Introduction

figure a

Blepharoptosis is a condition in which the upper eyelid is lower than normal. This condition narrows the vertical dimension of the palpebral fissure. It may be congenital or acquired. Ptosis may either be unilateral or bilateral and can be seen either alone or in conjunction with other ocular or systemic conditions [1]. Ptosis severity is categorized according to the drooping of the upper eyelid which can be mild (1–2 mm), moderate (3–4mm), or severe (>4mm), covering the pupil entirely [2]. Surgical correction is recommended not only for cosmetic reasons but also for the prevention of visual deficits. Beard subdivided levator function (LF) into 4 levels: excellent (≥12 mm), good (8 to 11 mm), fair (5 to 7 mm), and poor (≤4 mm) [3]. Patients with poor LF (less than 5 mm of levator excursion) were classically offered frontalis sling procedures. Several types of surgeries can be used in the treatment of congenital ptosis, according to its severity and levator muscle function. Good or excellent LF can usually be corrected by levator resection, levator advancement, or Muller’s Muscle-Conjunctival Resection (MMCR) procedures [4]. Another procedure for correcting mild to moderate ptosis with a similar degree of levator function is the levator plication technique [5].

External levator resection/advancement procedure involves an incision on the upper eyelid crease. Traditionally, it was performed through a large total crease length incision and repaired with three separate sutures [6], but in recent years small-incision procedures with less manipulation and reduced scar have been introduced and gained popularity, which was first described by Lucarelli and Lemke [7,8,9].
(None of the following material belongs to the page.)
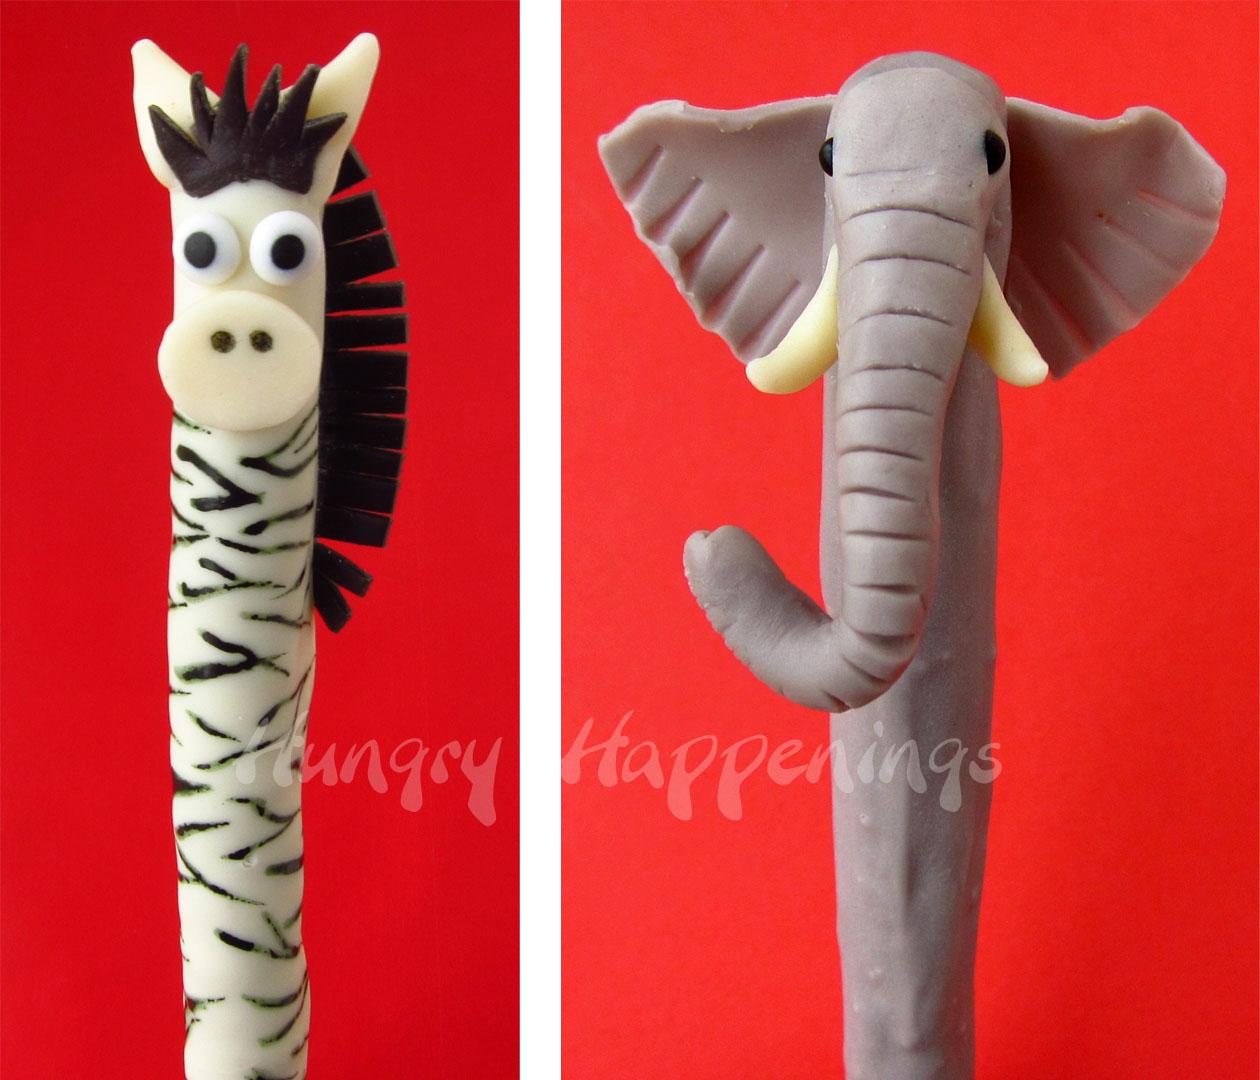 Jungle Animal Pretzel Pops - Fun and Tasty Treats
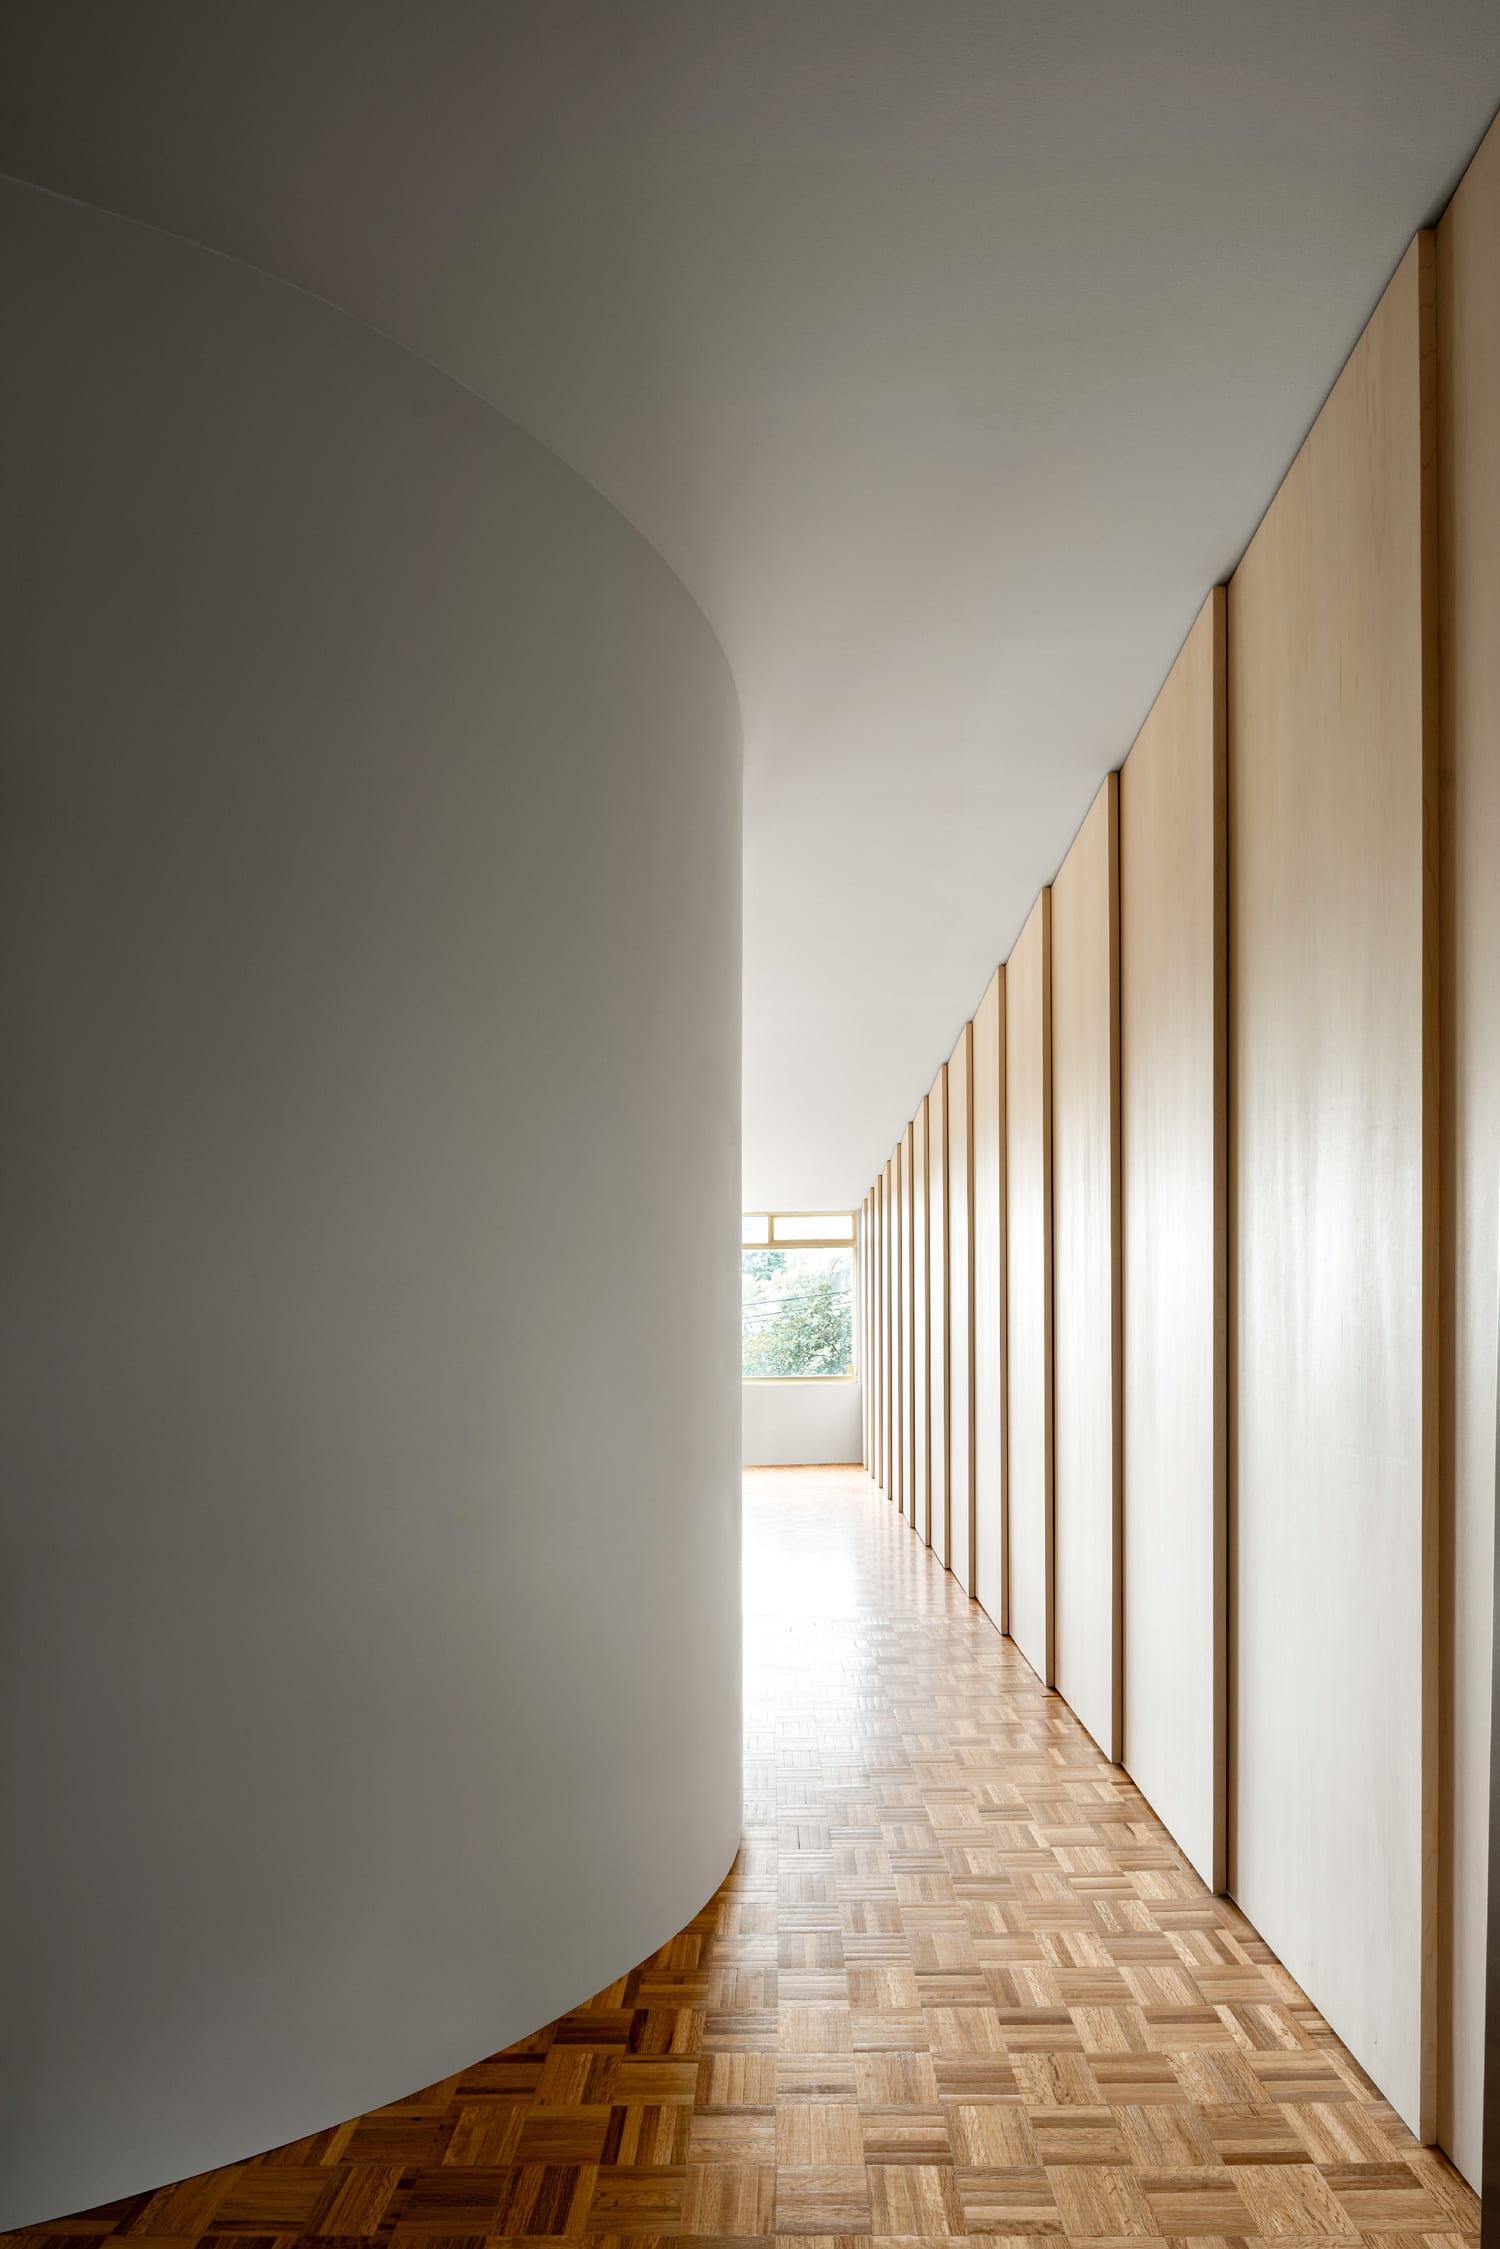 Casa Kaspé in Mexico City by Zeller & Moye | Yellowtrace

Here we describe a new technique to less invasive, small-incision ptosis repair with a specific manner of one double mattress suture placement and report the preliminary results on the aponeurotic and congenital ptosis patients. We expected less intraoperative manipulation and edema, less visible scar, less lagophthalmos, and a better and smoother contour forming and yet a comparable success rate; on the other hand, single suture technique can decrease surgery costs.

Methods

Patient selection and study design

This prospective case series study included 67 congenital and aponeurotic ptosis patients which presented to the Farabi eye hospital from June 2021, through October 2022. Patients were offered the new small-incision surgery technique, and the likely post-treatment results and potential complications were explained to all patients. Written consent was obtained from all patients, which included permission to publish their photos. All included patients were operated by a single oculoplastic surgeon (S.M.R.) in a single center.

Patients aged 5 years or more whose LF was not poor (≥5 mm) with unilateral or bilateral, congenital, or aponeurotic ptosis were included in the study. Exclusion criteria included less than 5 years of age, poor LF (less than 5 mm), absent lid crease, poor Bell’s phenomenon, moderate to severe dry eye, decreased corneal sensation, lid masses, known neurologic or muscular syndromes, other associated developmental lid anomalies, or a history of previous lid surgery.

This research was approved by the ethical board of our institute and was adherent to the ethical principles outlined in the Declaration of Helsinki as amended in 2013.

Preoperative assessment

All patients provided a full medical history and received a detailed ophthalmological examination. Preoperative measurements for both eyes included MRD-1, levator function (LF), and lagophthalmos, all measured in millimeters. The factors considered for differentiation of congenital vs. aponeurotic ptosis included time of onset of ptosis based on patient’s history, position of lid margin in downward gaze (lid lag indicated congenital type, while lid drop indicated aponeurotic type), and unilateral elevated upper eyelid crease, which was in favor of aponeurotic rather than congenital ptosis.

Surgical technique

First of all, the lid crease is marked at length of 1 cm, approximately equal to the corneal diameter (white to white) and then local anesthetics consisting of 1 cc of lidocaine 2% mixed with adrenaline (with a concentration of 1:100,000) was injected under skin at the mark site. Then, a traction suture was placed in the upper eyelid margin by the 4.0 silk thread 17 mm 1/2 circle round.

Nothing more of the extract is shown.